In Brazil, Nvidia cited work by Widelabs for the Public Ministry of Rio Grande do Sul. The company says the AI systems are helping staff streamline internal investigations and make justice records easier to search and use for more than 8 million citizens across nearly 500 municipalities.

Industry context

The emphasis on sovereign or national AI has grown as governments weigh the economic and political risks of relying on foreign cloud providers and imported models. For Nvidia, the trend also points to a growing market for advanced chips, AI systems and the software stack needed to run them.

Nvidia says its AI Nations initiative has worked with countries since 2019 to help develop AI ecosystems and workforce training.
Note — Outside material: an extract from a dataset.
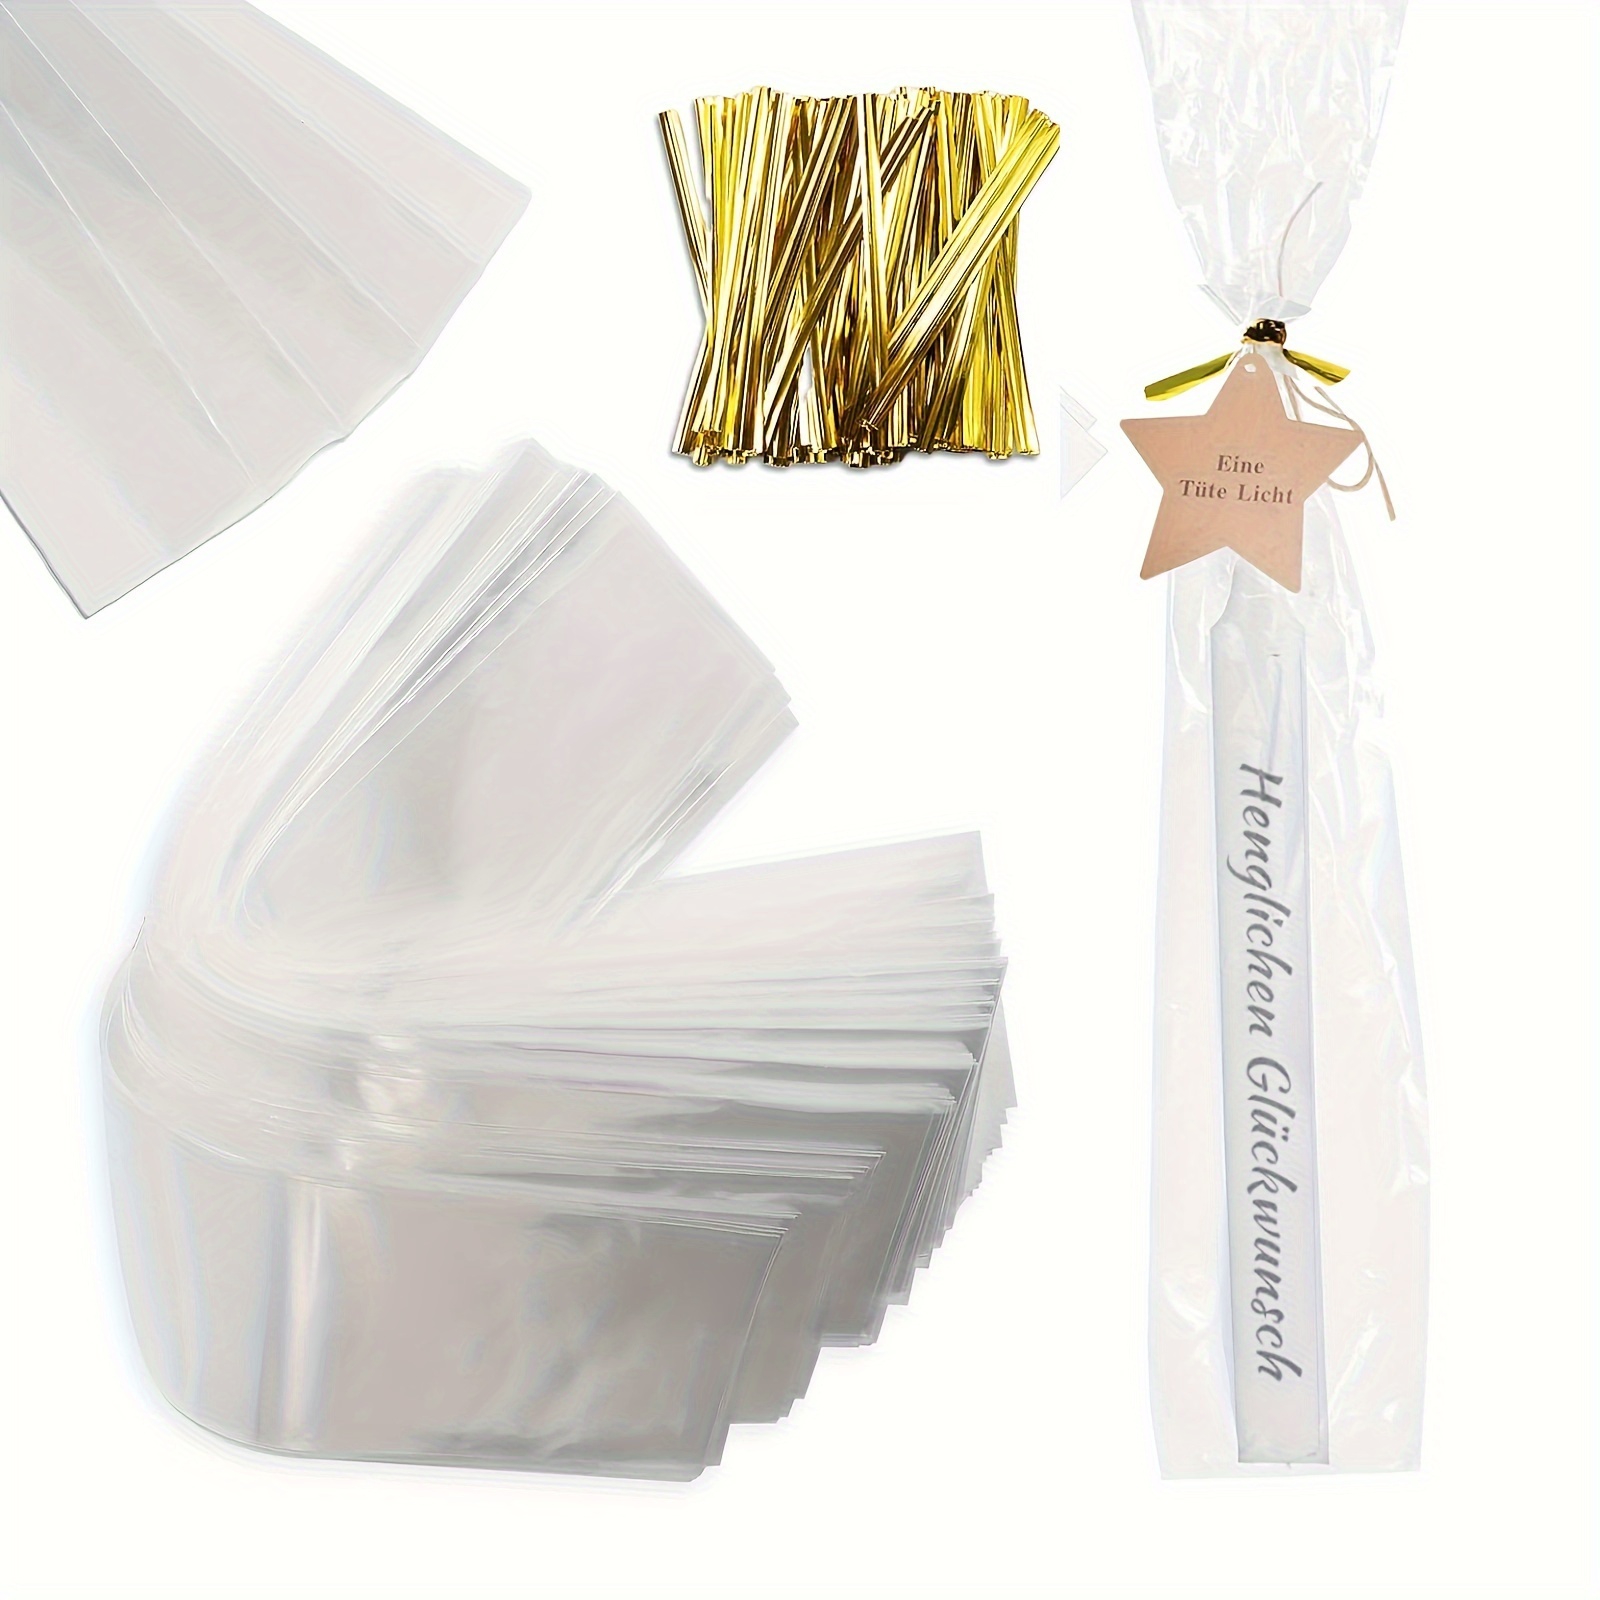 

100pcs Clear Bags For Candles Clear Long Cello Cellophane Treat Bags With 100pcs Metallic Twist Ties For Christmas Birthday Party Valentine's Day Wedding Gifts
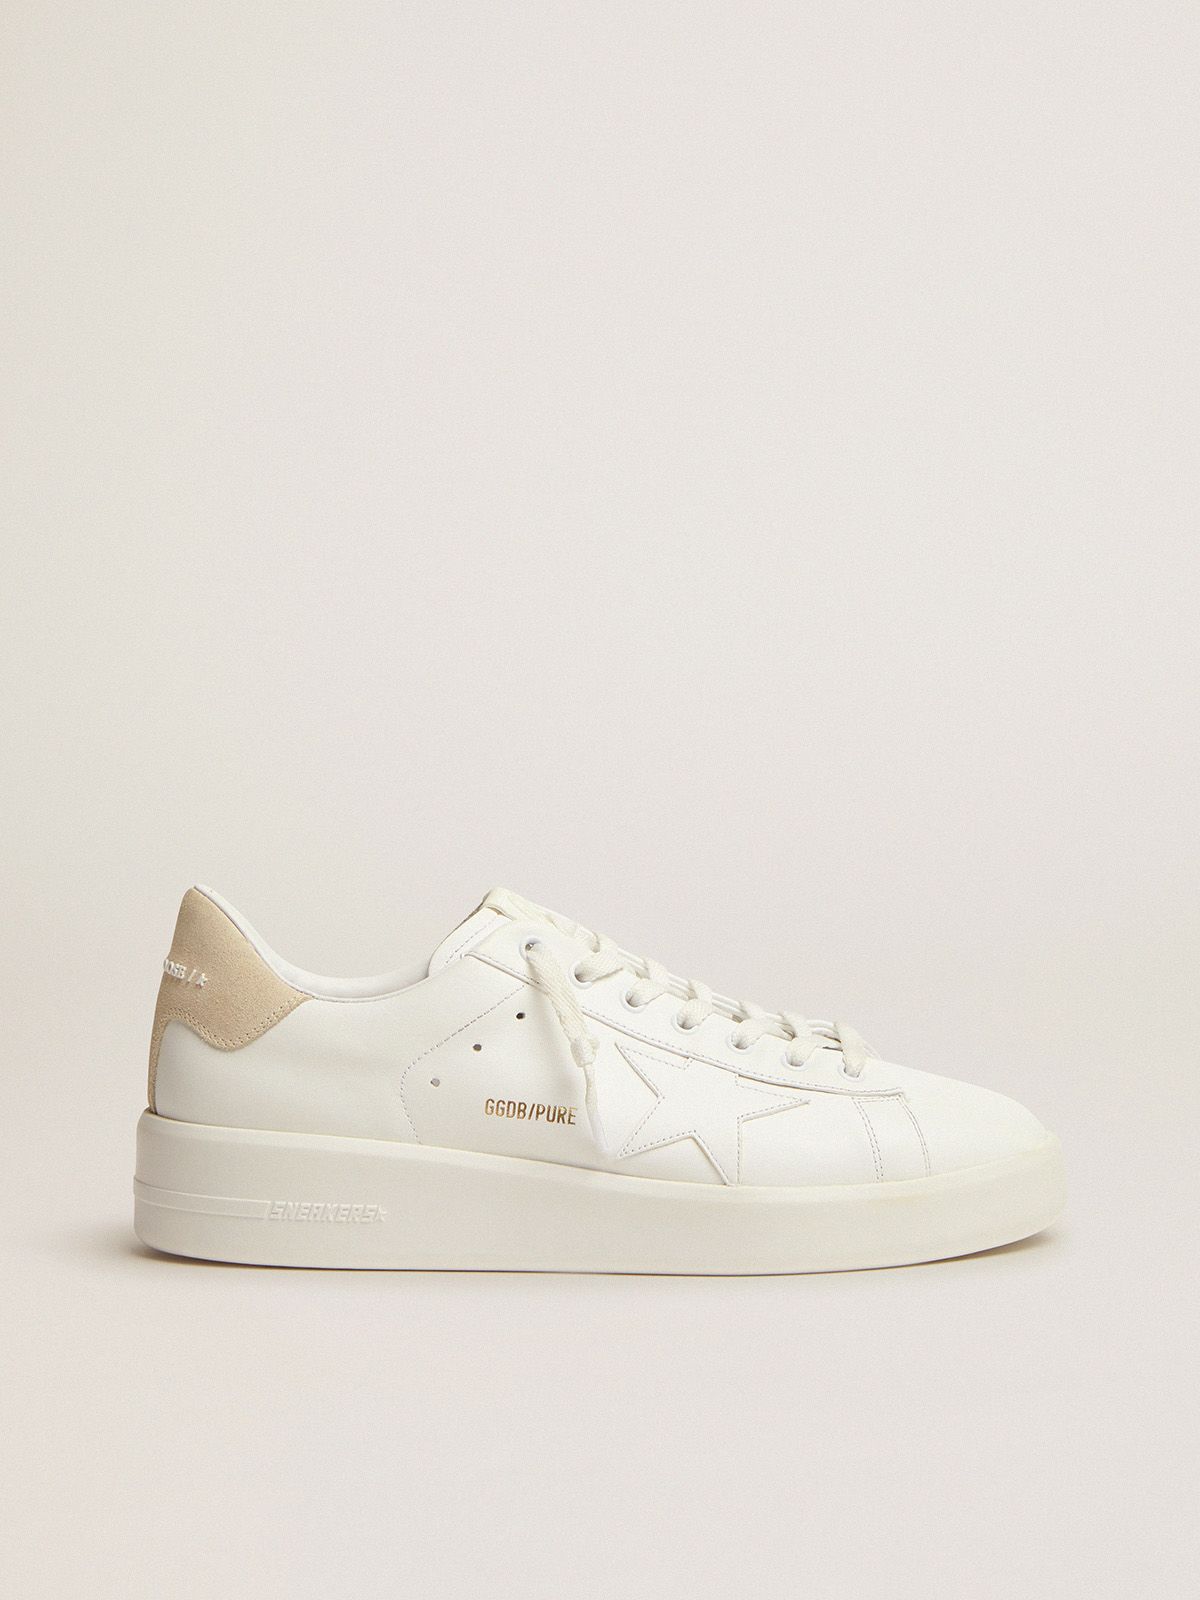 golden goose heel sneakers Purestar in with white leather cream tab suede

The goal, it says, is to create conditions in which engineers, developers, scientists, entrepreneurs, creators and public-sector officials can pursue AI work in their home markets rather than relying entirely on imported infrastructure and expertise.

Jensen Huang, Founder and Chief Executive Officer of Nvidia, has previously framed AI infrastructure in broad economic terms. "The AI factory will become the bedrock of modern economies across the world," Huang said.